Taming runaway tax expenditure

taxes

Addressing the challenges posed by high excise taxes and illicit trade requires a multi-faceted approach that combines fiscal, regulatory, enforcement and public awareness measures. PHOTO | SHUTTERSTOCK

Tax revenue is the main source of finance for most governments globally. It is even more critical in countries that do not have major non-tax sources of revenue such as Kenya.

In the absence of sufficient tax collections, the government mainly relies on debt to finance its budget obligations. There has been a growing concern about Kenya’s debt level, and this has jolted the government into action to ensure long-term debt sustainability.

The Treasury recently released the 2023 tax expenditure report. The report summarises national tax expenditure in a particular year of income. The expenditures entail foregone taxes through exemptions, tax deductions, tax credits, zero-rating and concessional tax rates, among others.

It is the difference between whatever tax would have been paid under a defined benchmark tax law and the amount paid to the revenue authority.

Generally, tax expenditure is a form of subsidy since it is expected to lower the cost of goods or increase disposable income. They may also be used as a tool to influence behaviour by encouraging preferred economic activities.

The government has indicated that it is putting in place measures to slow down the annual growth in public debt without compromising service delivery to citizens. A lot of effort has thus been put into expanding revenue mobilisation through a mix of tax policy changes and administrative changes to enhance compliance.

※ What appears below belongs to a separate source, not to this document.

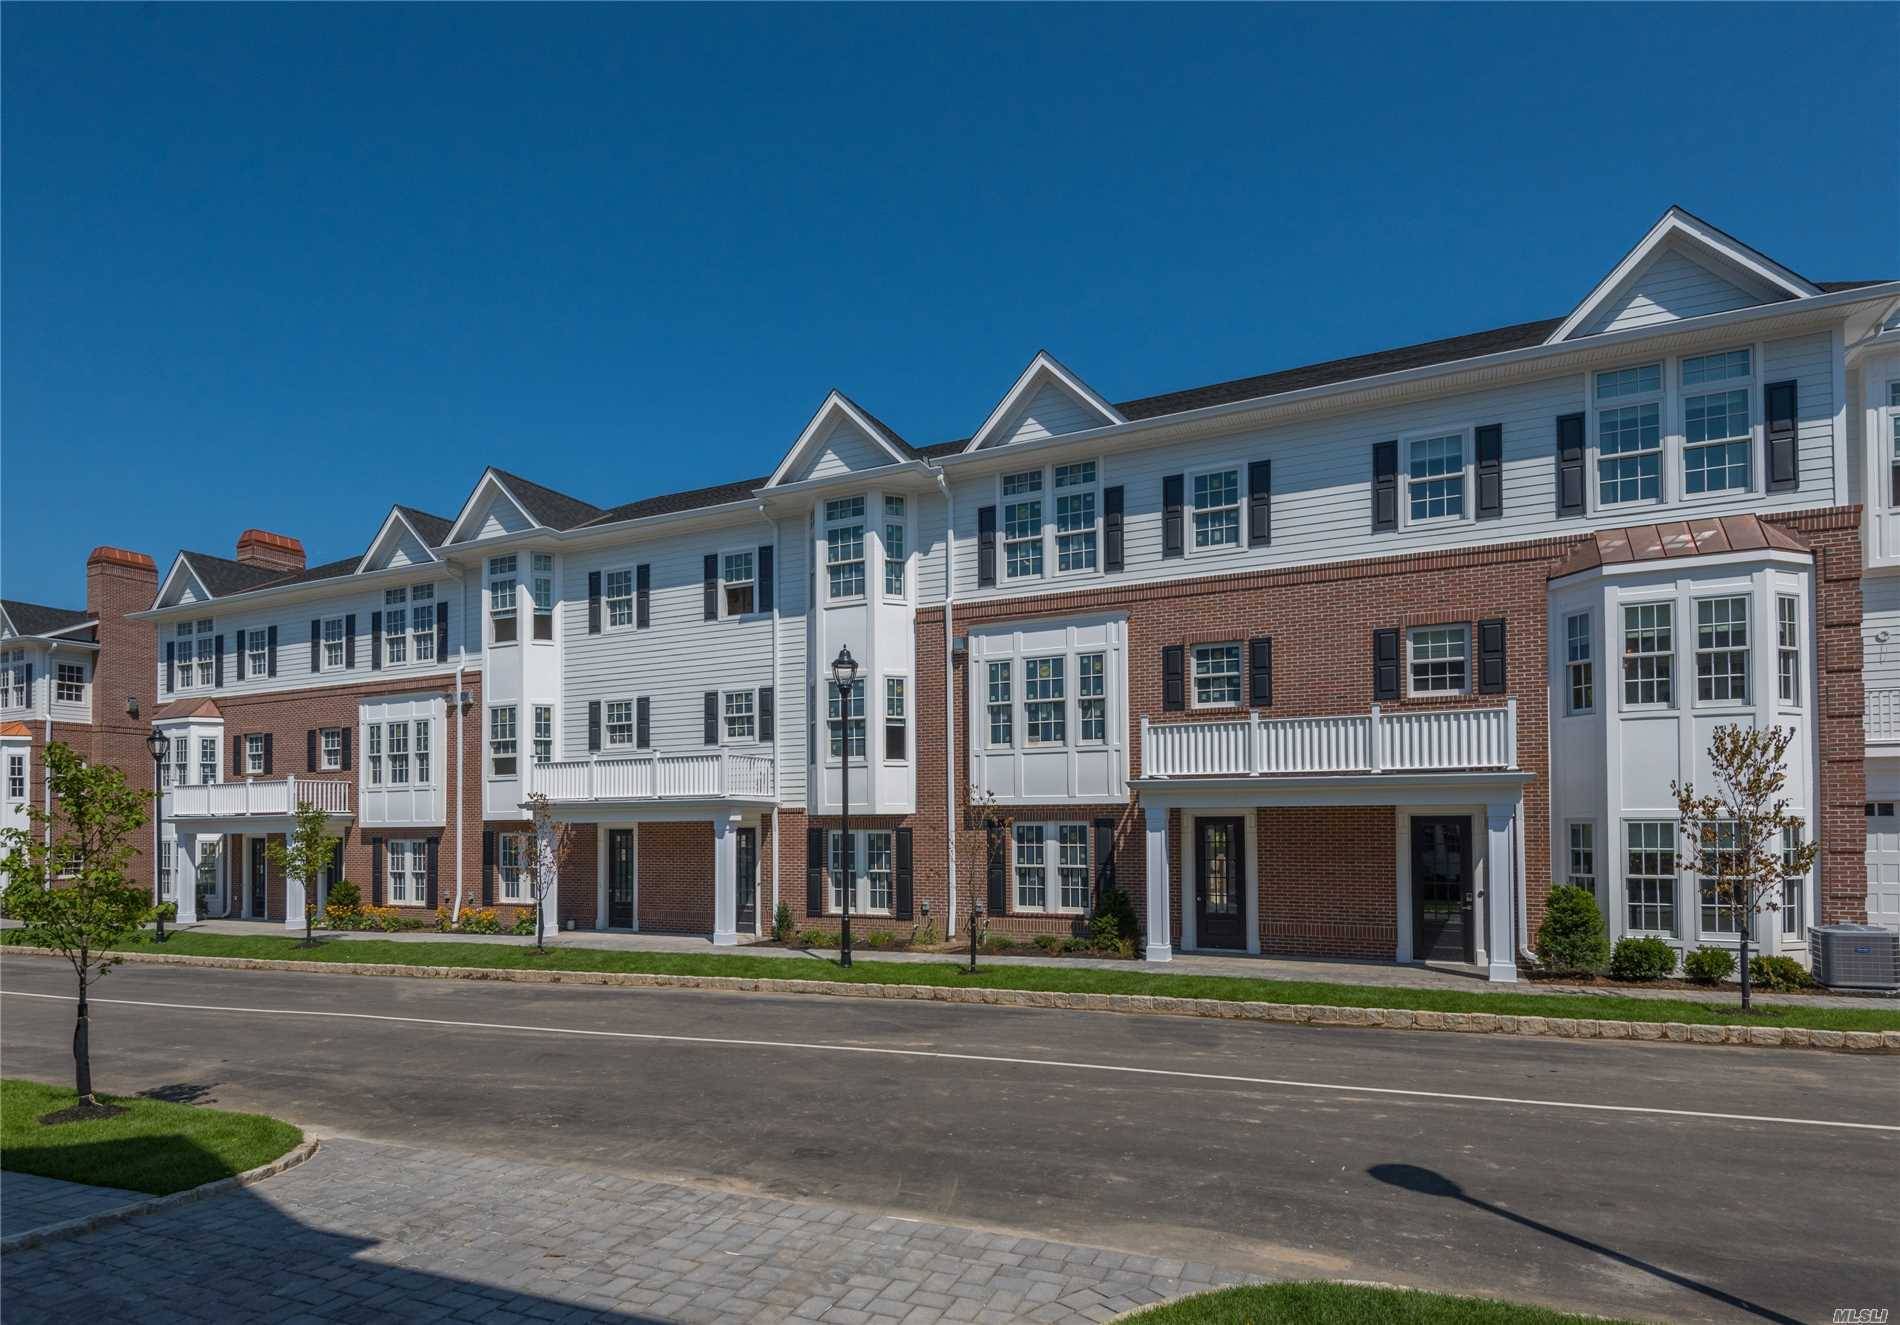 Luxury New Townhomes In The Heart Of Roslyn Village.
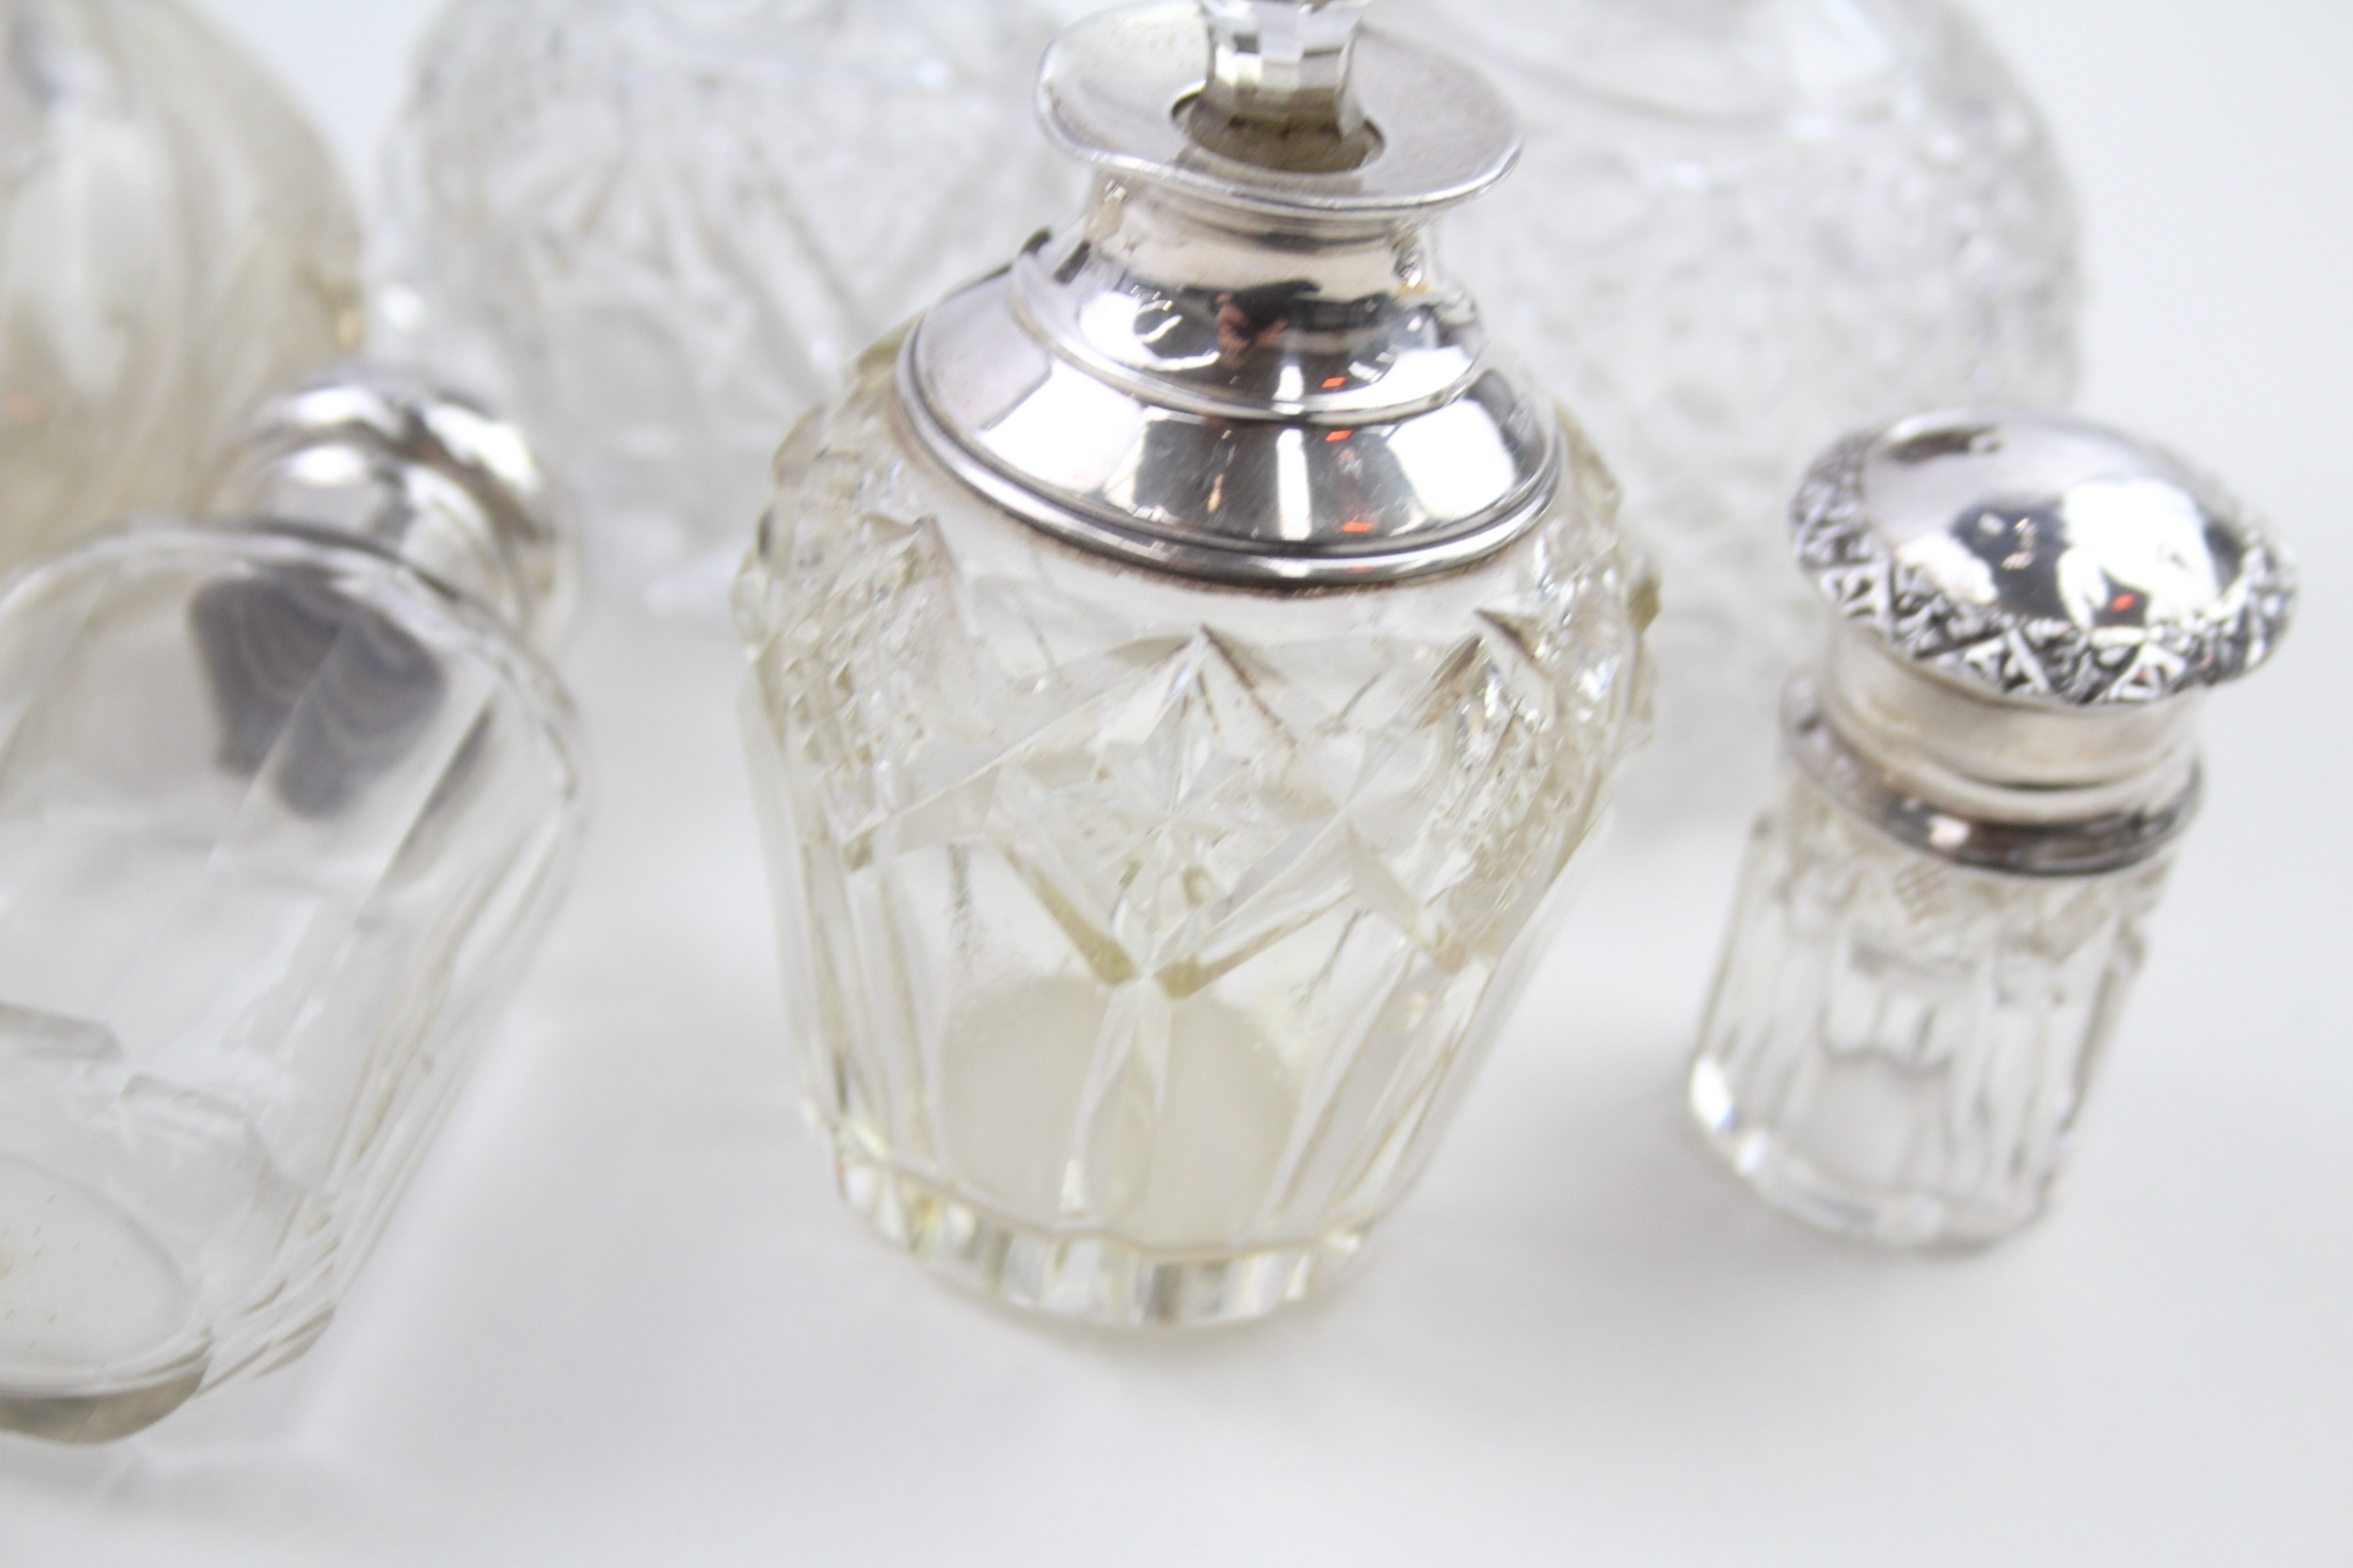 7 x .925 sterling banded / topped & cut glass ladies vanity scent bottles - Image 7 of 9

Reducing tax expenditure by eliminating unproductive tax incentives has been identified as a key measure to protect the country’s tax base. The government has indicated that it will focus on enhancing tax expenditures that promote investments.

According to the 2023 Tax Expenditure Report, in 2022 the total tax expenditure increased to Sh393.6 billion, which was equivalent to 2.94 percent of the gross domestic product (GDP). This was an increase from Sh292.9 billion in 2021, which was equivalent to 2.44 percent of the GDP.

Domestic value-added tax (VAT) was the largest contributor to the tax expenditures at 36.94 percent with corporate income tax following with 19.87 percent while VAT on fuel contributed 16.38 percent.

According to the Medium-Term Revenue Strategy for 2024/25 to 2026/27 the ordinary revenue collection as a percentage of GDP declined from 18.1 percent in 2013/14 to 14.1 percent of the GDP in 2022/23. This has been attributed to an increase in tax expenditure and low tax compliance, among other reasons. Notably, tax collections have grown from Sh0.8 trillion in 2013/14 to Sh2.4 trillion in 2022/23.

Some of the key interventions that the government intends to implement in the next three years include the review and rationalisation of exemptions on entities and individuals, tax reliefs, and exempt or zero-rated supplies on individuals.

The review and reduction of tax expenditure might be a low-hanging fruit for the government in its quest to increase tax revenue collections.

This is largely due to the ease with which relevant tax changes can be made and the almost predictable revenue gain from a change in the relevant laws.

The government has indicated that it will mainly focus on tax expenditures that promote investments. Notably, certain tax expenditures play a crucial role in the economy such as reducing the cost of goods, increasing the disposable income and increasing access to certain goods or services, among other purposes. These may have other societal impacts such as reducing income inequality and protecting vulnerable persons, among others.

It is thus critical that the government considers broader economic aspects and not just the investment promotion impact in rationalising tax expenditures. This will ensure that the positive economic impact of certain tax expenditures is not eroded at the expense of additional tax revenue collections, which may not have the same impact on society.

By and large, an all-round analysis of each tax expenditure should be performed to determine the pros and cons of repealing related exemptions, incentives, or other measures. This is important in ensuring that an overzealous attempt to increase tax revenue collections does not compromise the general welfare of the citizenry and more so vulnerable persons in the society.